** MATERIAL PROVIDED **

----

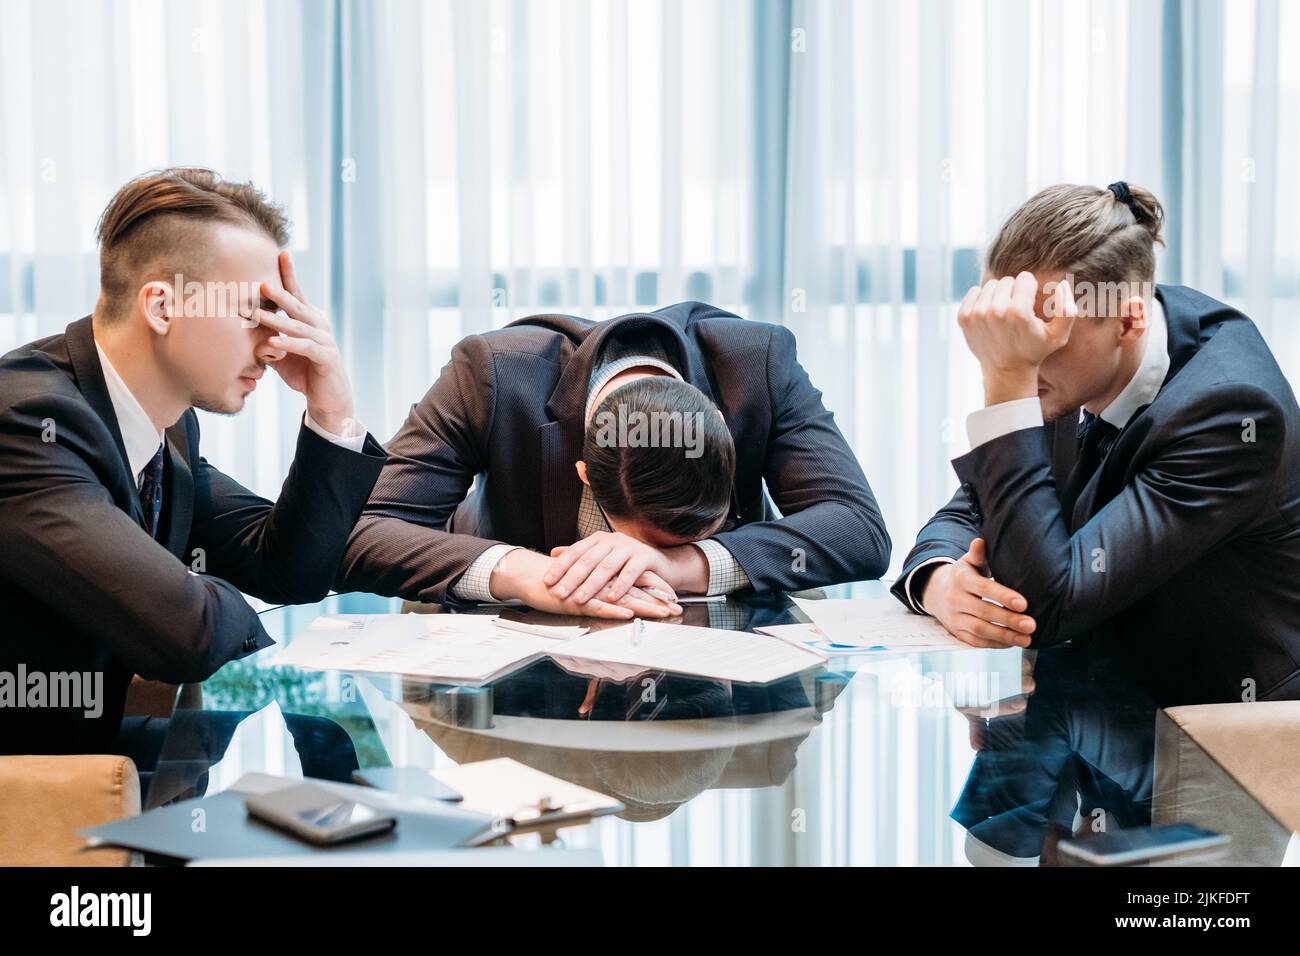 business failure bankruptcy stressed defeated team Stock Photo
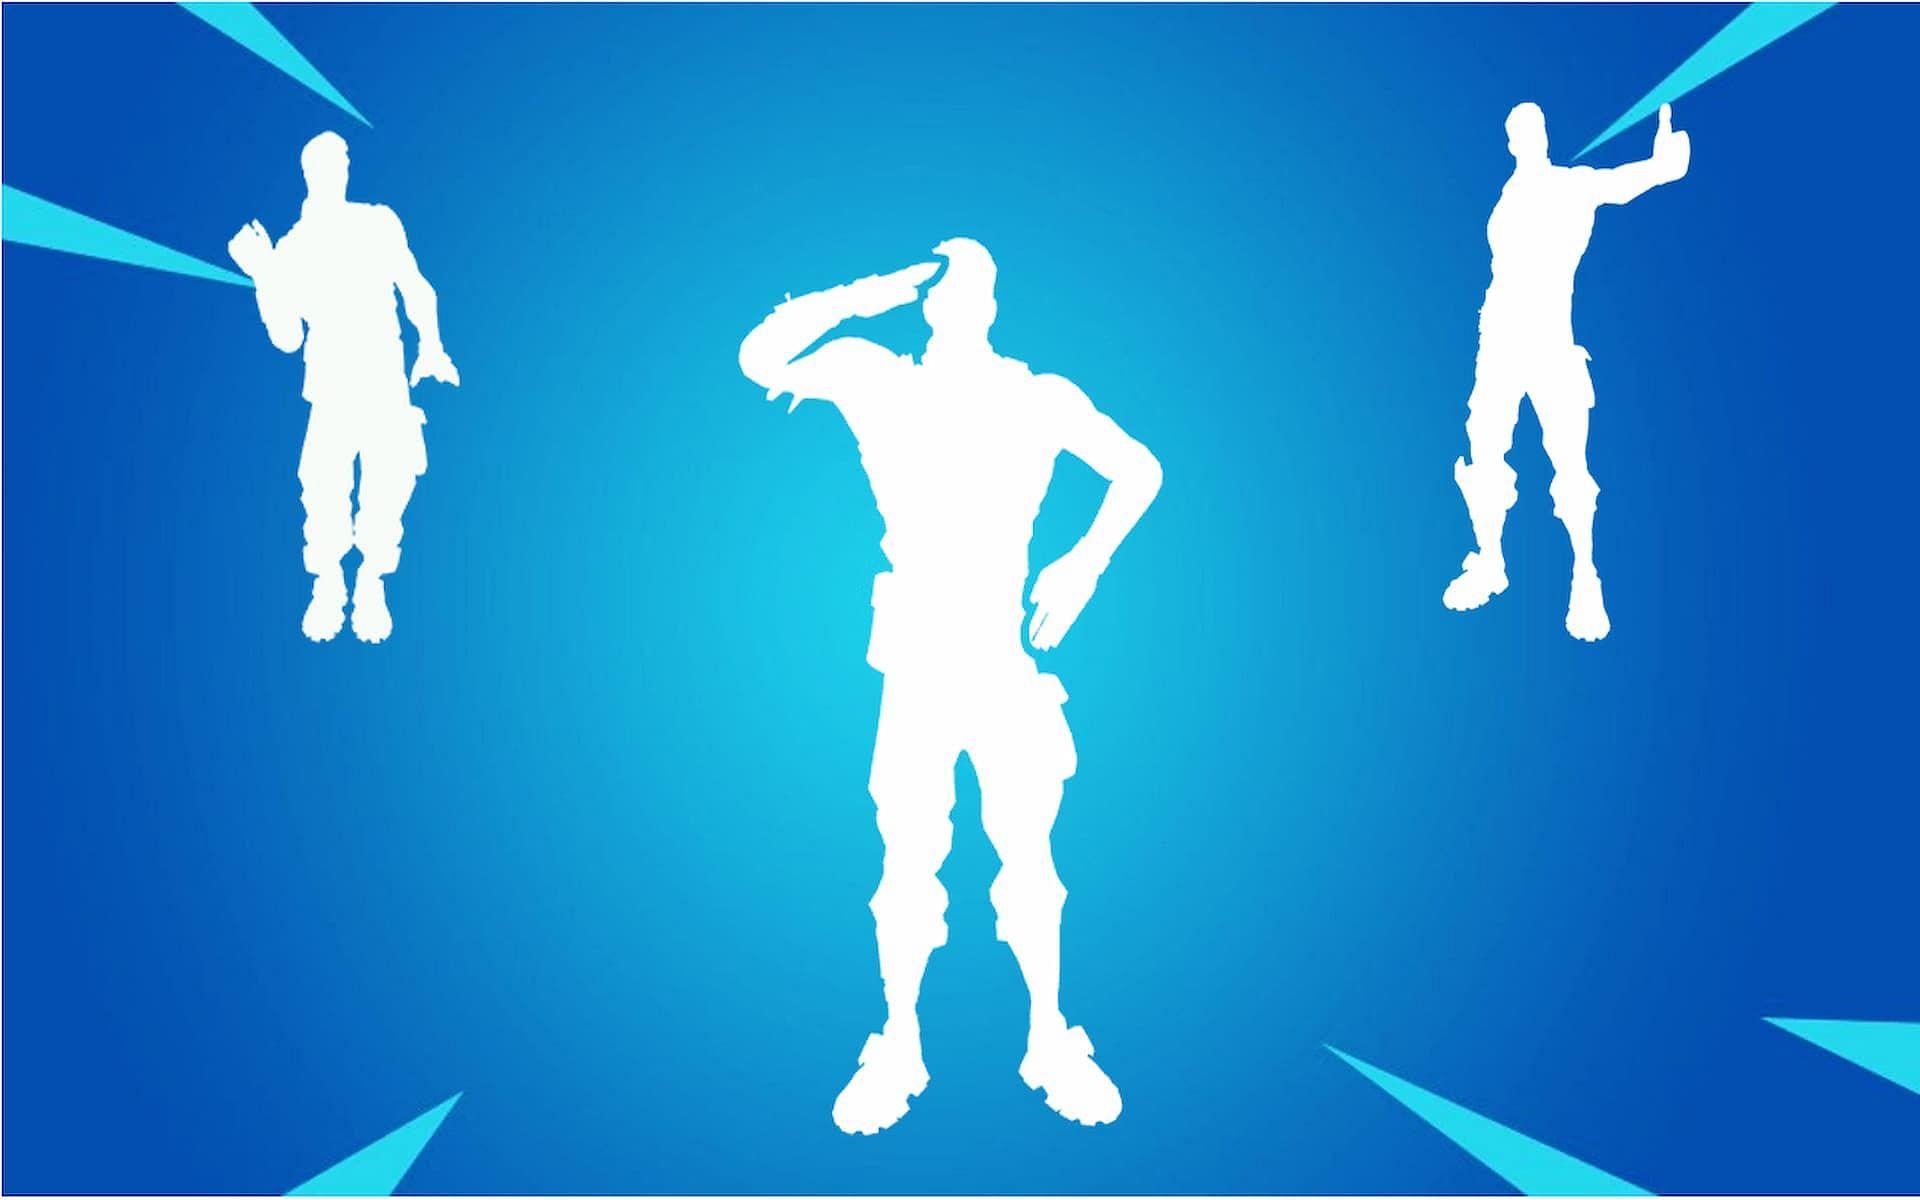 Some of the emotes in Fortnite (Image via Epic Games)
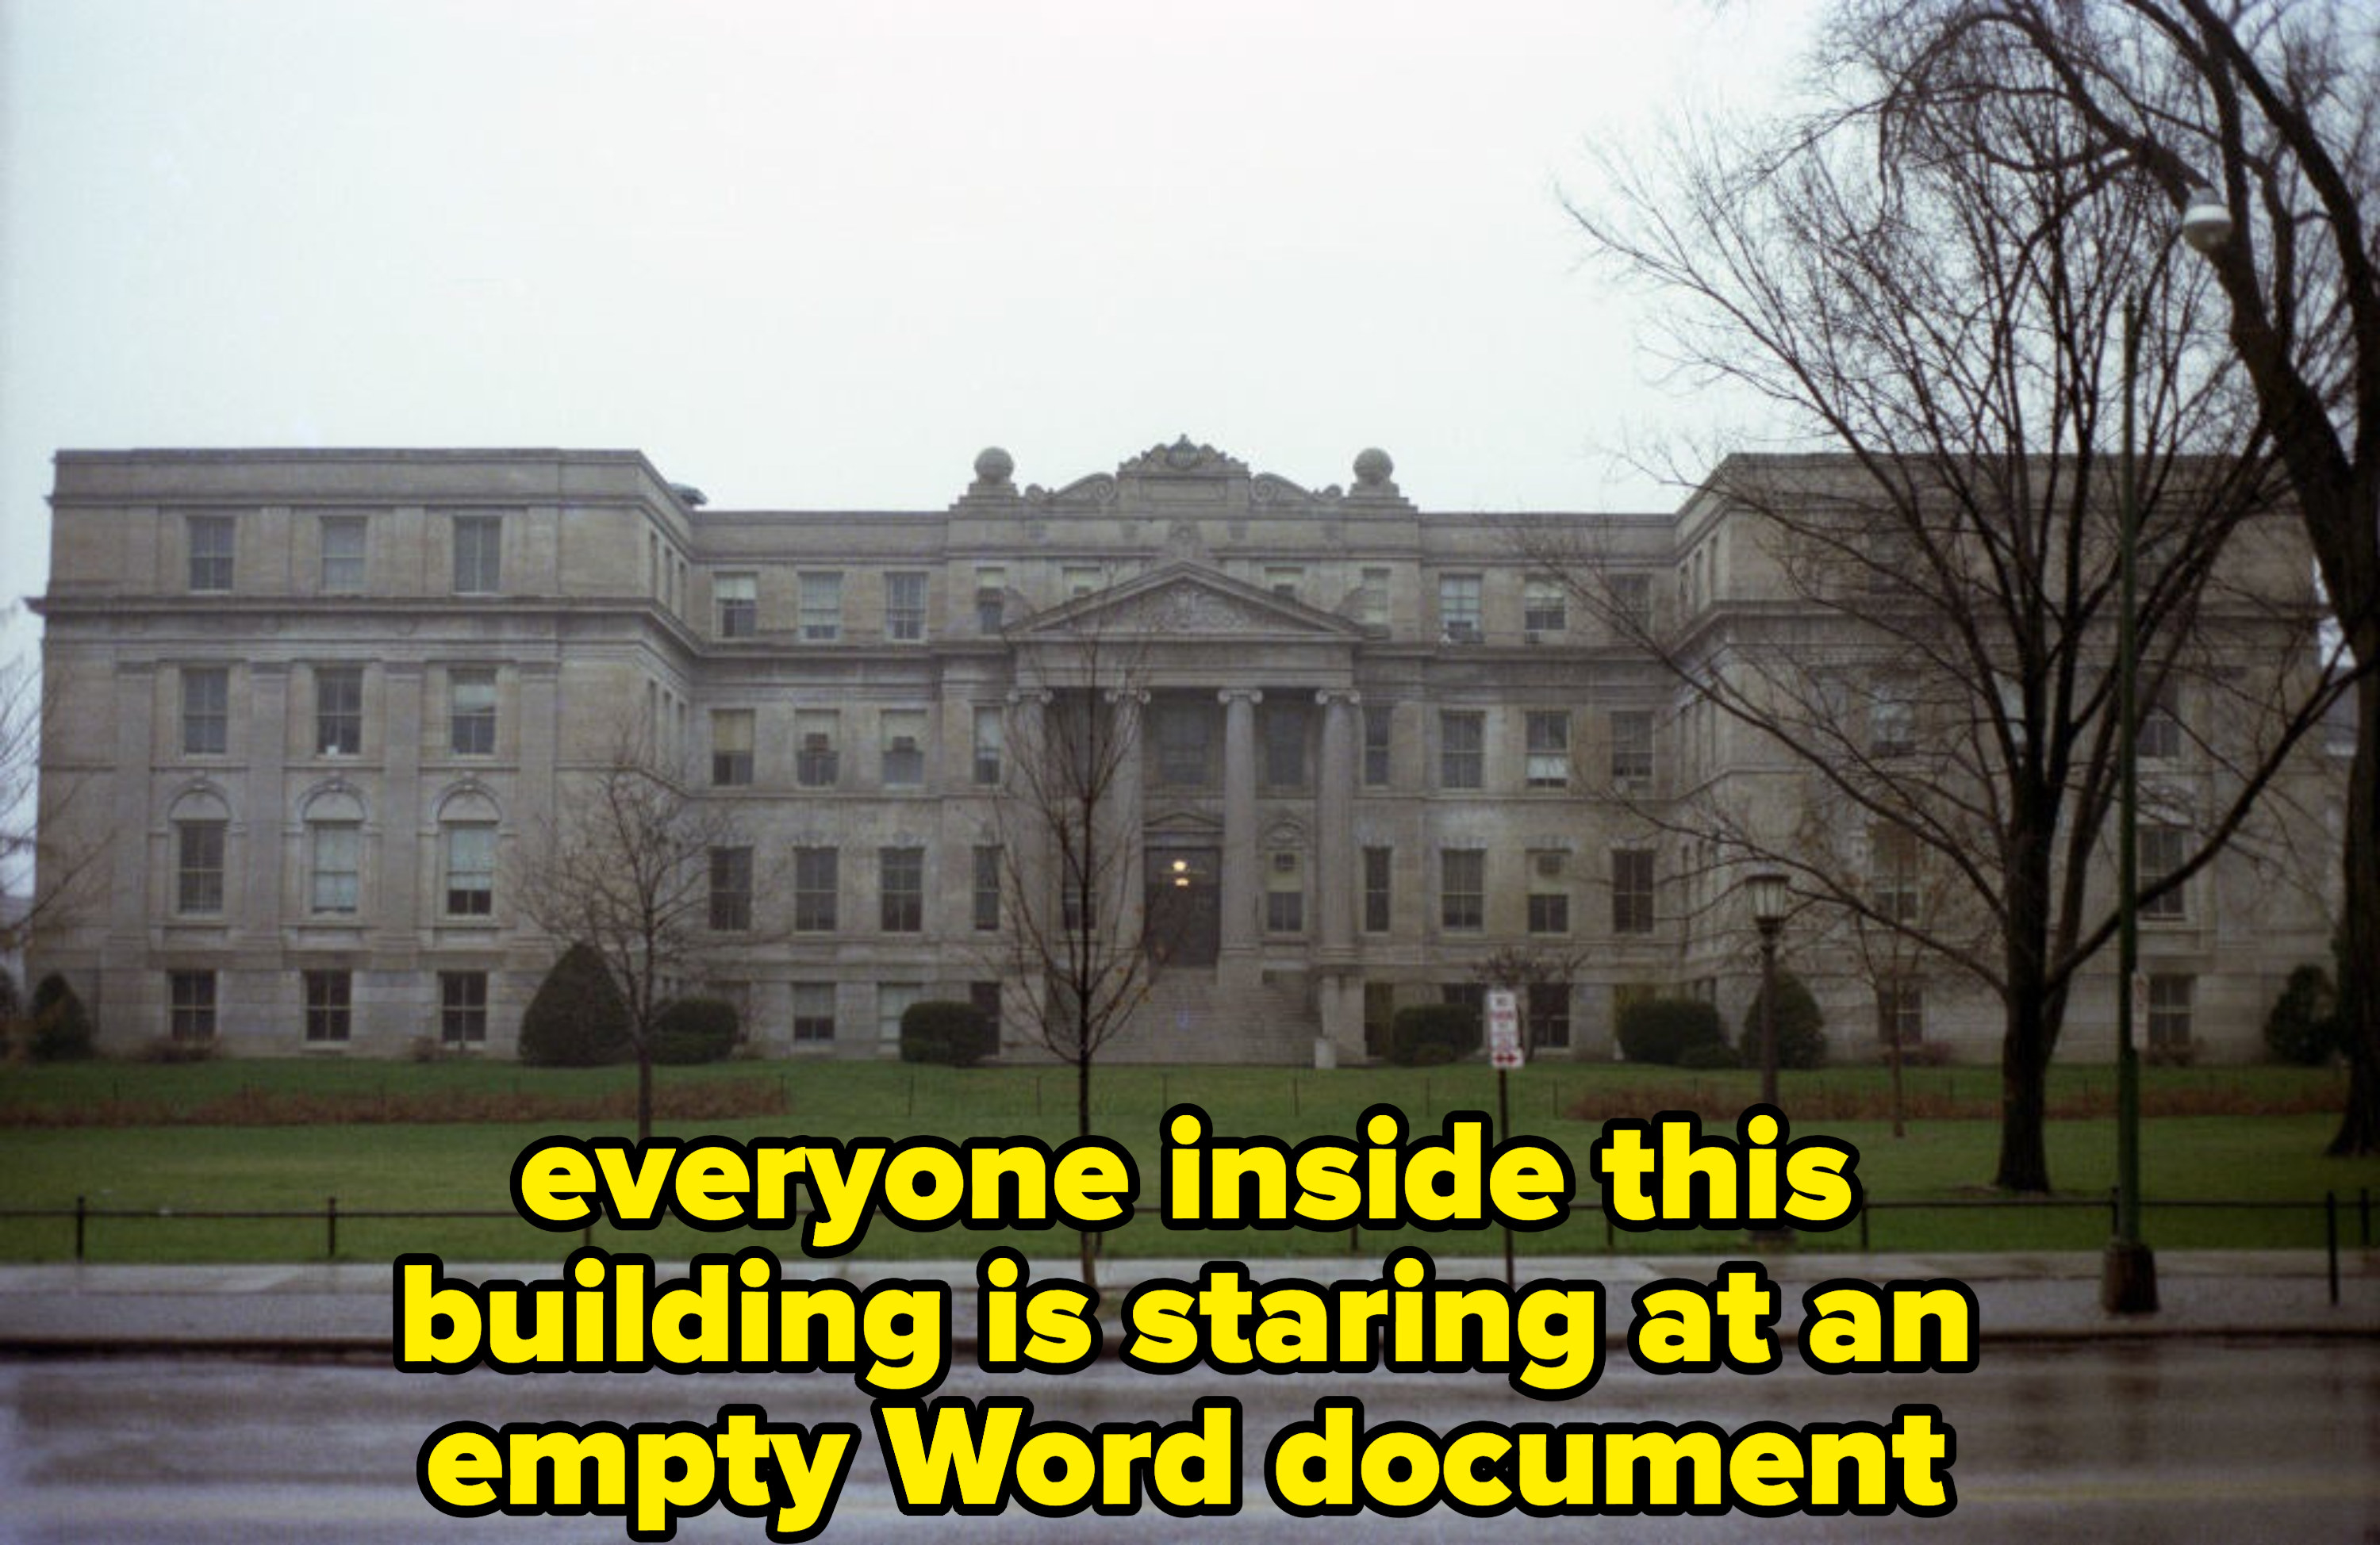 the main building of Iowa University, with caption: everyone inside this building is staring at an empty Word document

----

** PROBLEM **
Return the complete material above exactly, with no picture.

** ANSWER BELOW **
 business failure bankruptcy stressed defeated team Stock Photo
 Some of the emotes in Fortnite (Image via Epic Games)
 the main building of Iowa University, with caption: everyone inside this building is staring at an empty Word document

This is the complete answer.